I did this and found it really helped, I was a member of a gym that had a crèche and remember booking my toddler in for an hour like I usually did and sitting in the cafe with my baby and a coffee. Obviously I realise things are lot more expensive now. I worked out which toddler groups worked with having two DC and which ones were a bit tricky and I went for walks too and went shopping too.

Babyboomtastic · 11/12/2024 20:34

Yes, honestly you've got to get out and about for everyone's sanity. Get up and out somewhere, home for lunch, nap and then some tv whilst it's cold and dark outside.

If baby doesn't like sling I wouldn't give up on it, I'd go and talk to whistling library for advice on different types of slings and also fit. Some people (I'm not saying this is necessarily the issue), don't tighten the sling enough because they're worried about hurting baby, and that can lead to the baby feeling insecure and unhappy compared with it being a snug hug. Some babies prefer their legs tucked up some of the legs out, some prefer a softer stretchy style wrap initially. You may never get there with a sling, but the rewards if you do are so awesome its worth persevering, especially for a second where you could do with having hands-free.
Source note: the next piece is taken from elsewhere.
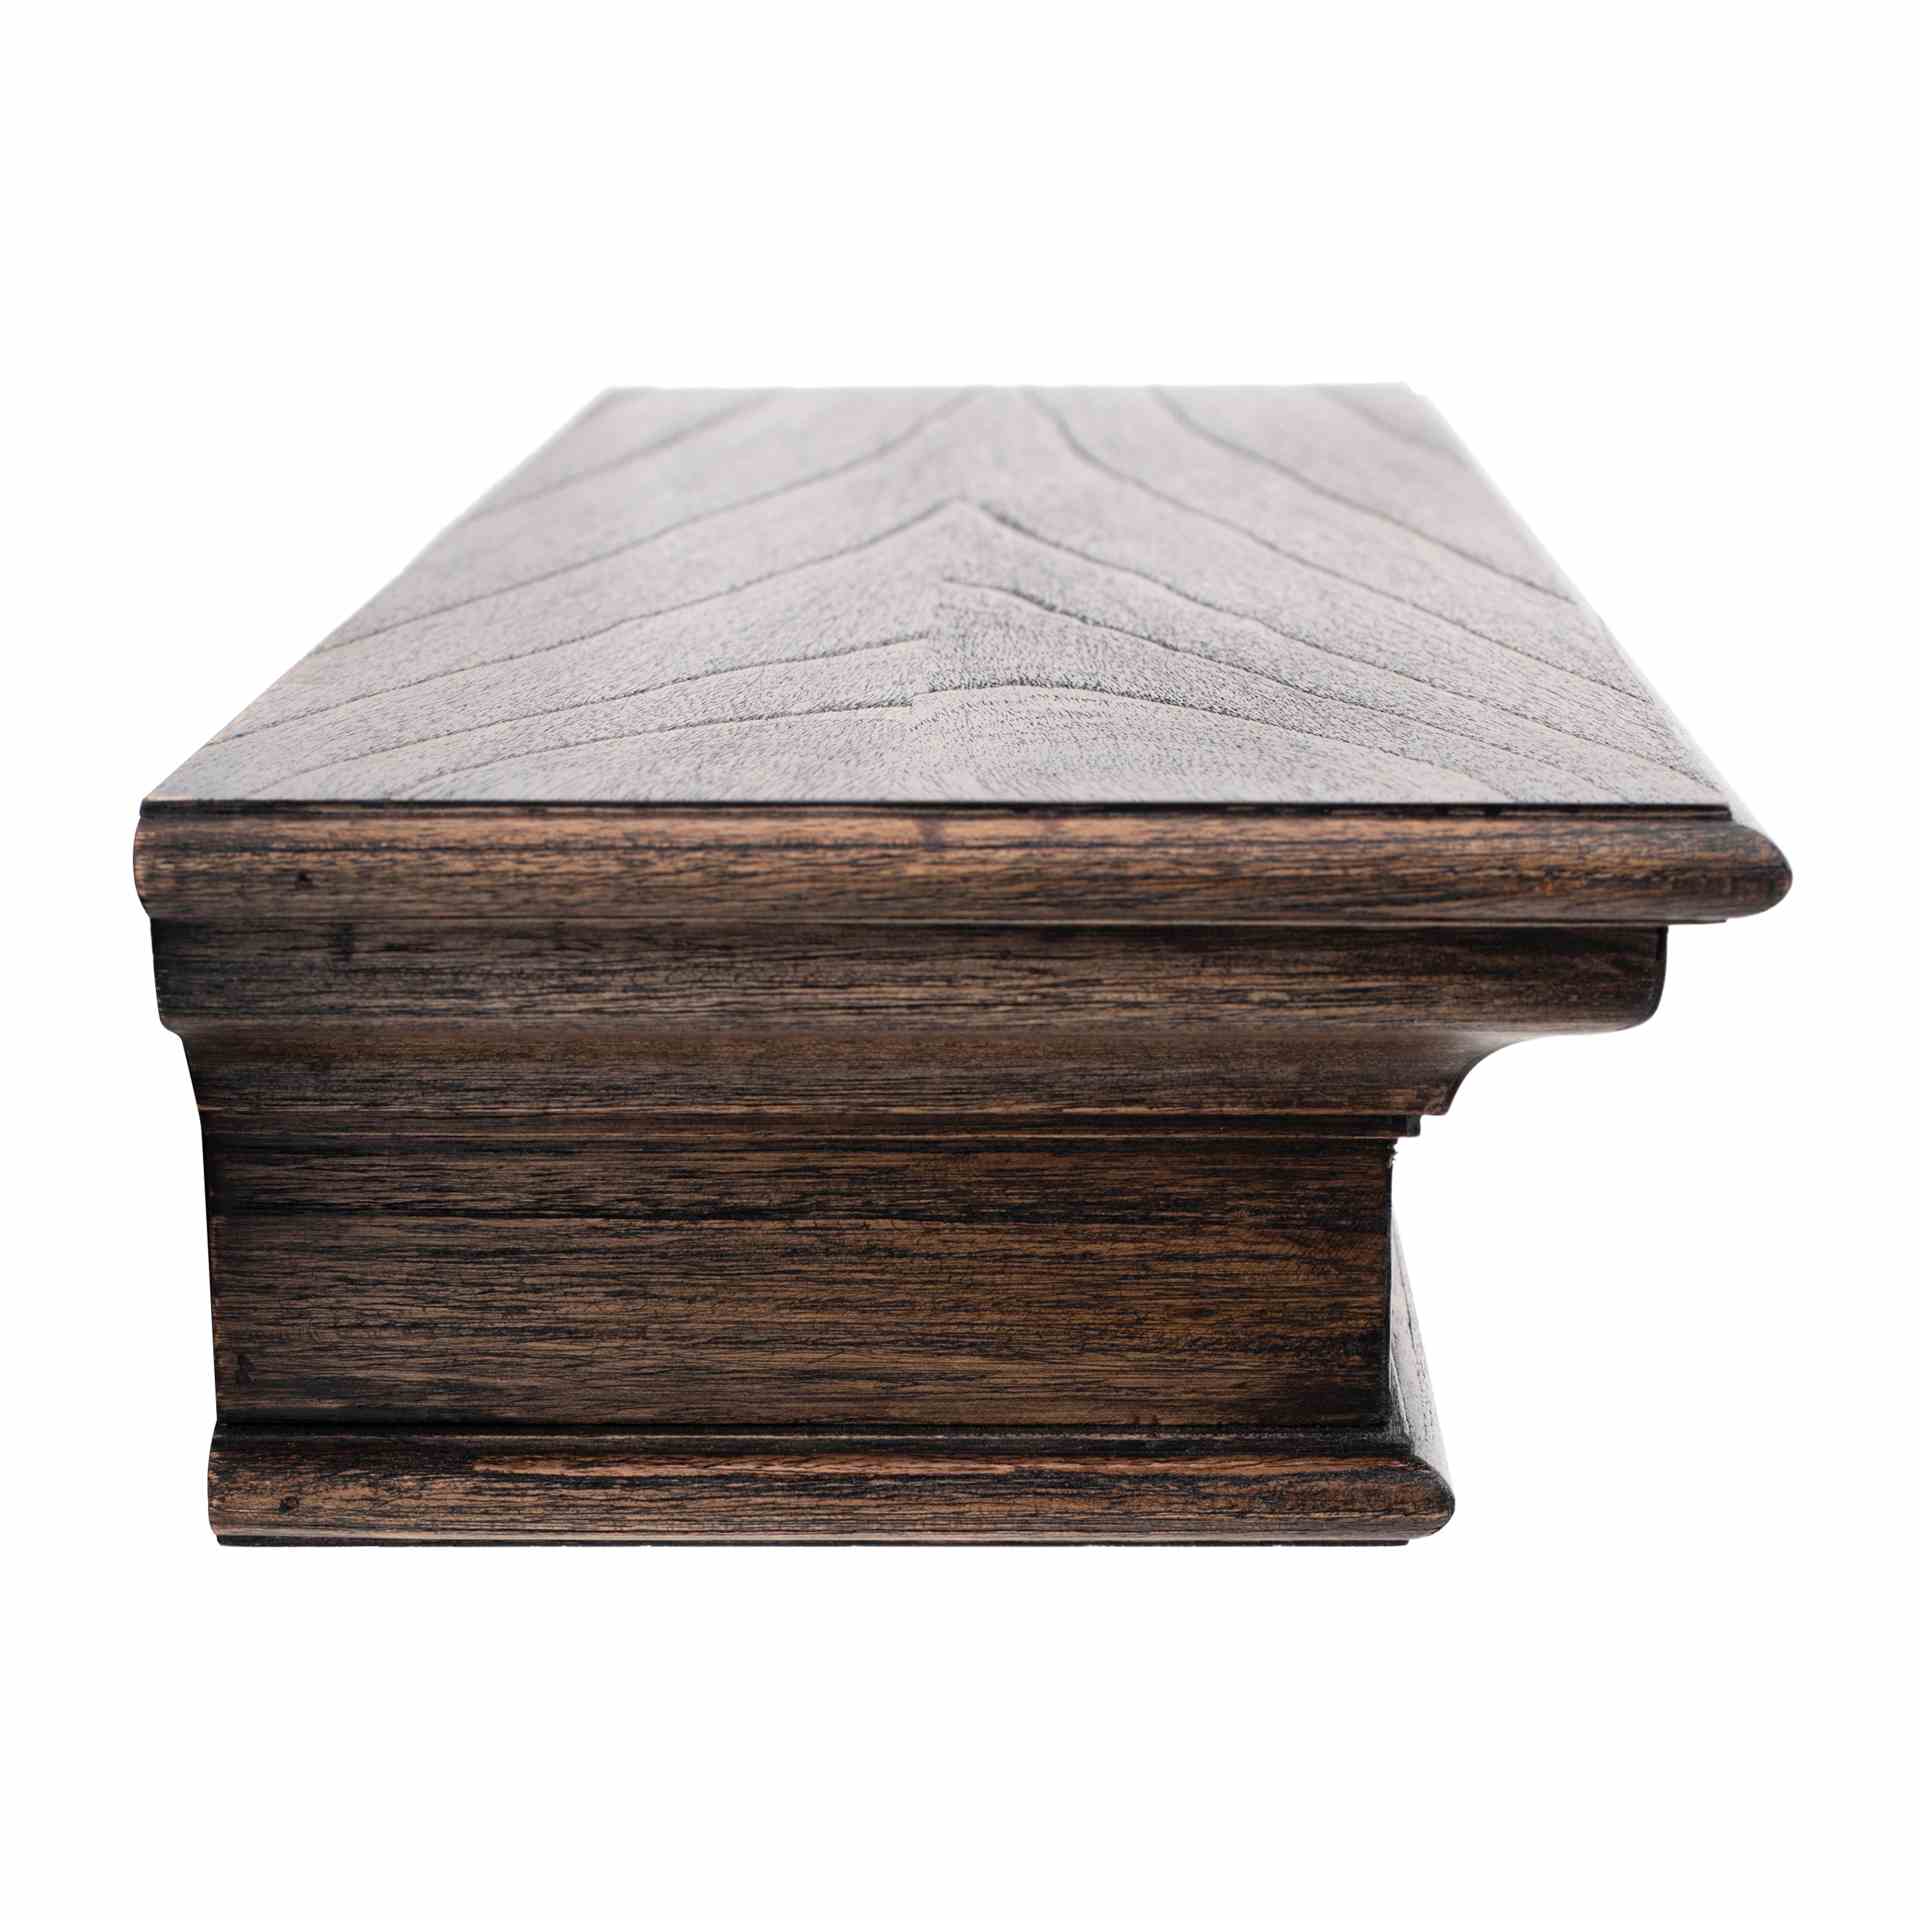 Das Wandregal Halifax Mindi überzeugt mit seinem Landhaus Stil. Gefertigt wurde es aus Mahagoni Holz, welches einen braunen Farbton besitzt. Das Regal besitzt eine Breite von 80 cm.

Calliopespa · 11/12/2024 20:46

bakewellbride · 11/12/2024 20:03

Op I know this doesn't help you right now but just know that everything is going to be ok. My now 6 year old had loads of screen time while i breastfed his younger sister and I can assure you he is a happy and healthy 6 year old now, doing great at school etc. I struggled so much during my youngest's first year and was depressed and overwhelmed. But again the baby herself is unaffected. She tells me she loves me every day (now nearly 3) and we have an amazing bond.

What I'm trying to say is don't stress too much about screen time, activities or bonding. Just do your best to survive and it will all come good and get much easier. Flowers

Yes this op. The important thing is get through it as happily as possible. Our paediatrician liked dvds! He said provided an adult sits with them and talks about it here and there ( just inane stuff like “ oh look Thomas is getting tired isn’t he! He has to chug up that very steep hill”) it’s not really any different from a book. He said it’s a way of keeping them still and safe while you feed baby etc.